Chef du laboratoire de virologie et de l’unité des rickettsies du CHU de la Timone (Marseille), le Pr Didier Raoult estime que la France n’est pas prête à faire face à l’épidémie de nouvelle grippe. Il dénonce la faiblesse des moyens d’alerte, l’inexistence du pré-acheminement des patients aux urgences, ainsi que l’absence de moyens hospitaliers appropriés, affirmant que « l’infectiologie française reste sous-développée ». Chef du service des maladies infectieuses de La Pitié-Salpêtrière (Paris), le Pr François Bricaire tout en acceptant le droit à la critique, invite à faire des propositions constructives.
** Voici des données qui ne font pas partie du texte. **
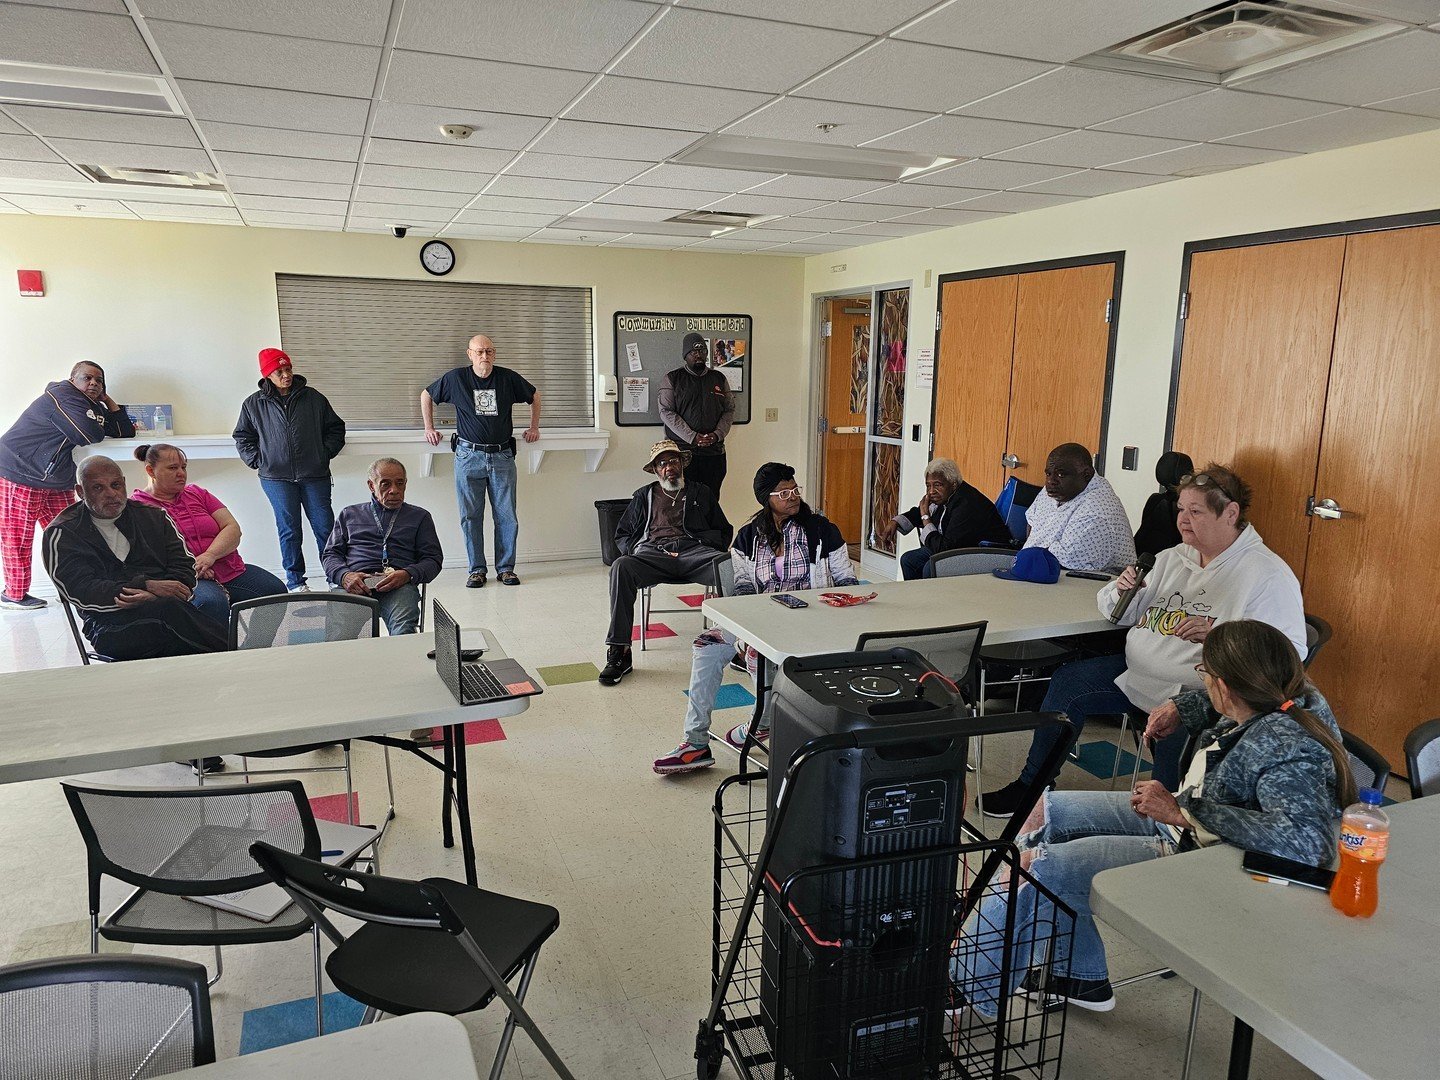 Saferstein tenants had a great initial meeting with AMHA today. We were able to put a plan together to get their needs addressed and develop their leadership.  The next meeting is May 8th from 9 to 11 am. Tenants will be cooking food for us to eat af

CLASSÉ par « Nature » parmi les dix premiers chercheurs français en termes de publications et de citations de ses travaux, le Pr Didier Raoult est depuis des années l’enfant terrible de l’infectiologie française. Le rapport qu’il avait remis en 2003 au Pr Jean-François Mattei, alors ministre de la Santé, dressait déjà un réquisitoire sans appel contre « le sous-développement financier » de sa spécialité, « le sous-développement des installations » et « une recherche éparpillée et mal évaluée » (« le Quotidien » du 17 juillet 2003). Aujourd’hui, le chercheur biologiste et chef de l’unité des rickettsies de la Timone monte à nouveau au créneau et conteste le discours officiel sur la qualité du plan Pandémie français. « Non, affirme-t-il, la France n’est pas prête. Les pouvoirs publics réagissent dans l’urgence avec les pompiers, on met en place des cellules de crise et on constitue des stocks de masque et de Tamiflu censés protéger l’ensemble de la population, alors qu’en réalité on reste dans un flou scientifique total : aucune preuve n’a été faite que les modèles FFP2 soient plus efficaces qu’un simple masque en papier et si les stocks de Tamiflu sont à niveau, il ne faudrait pas s’imaginer qu’ils constituent l’arme absolue, alors qu’on ignore si une souche résistante ne va pas prédominer dans le nouveau virus. »
L’insuffisance du plan français, poursuit le PU-PH marseillais, « est flagrante dès le stade de l’alerte, avec un retard chronique à la détection, comme on l’a vérifié en dernier lieu avec le chikungunya. Le plus souvent, on ne prend conscience de la catastrophe qu’en comptant les morts, les médecins restant plus prompts à interpréter leurs angoisses sociétales qu’à analyser scientifiquement des marqueurs syndromiques. »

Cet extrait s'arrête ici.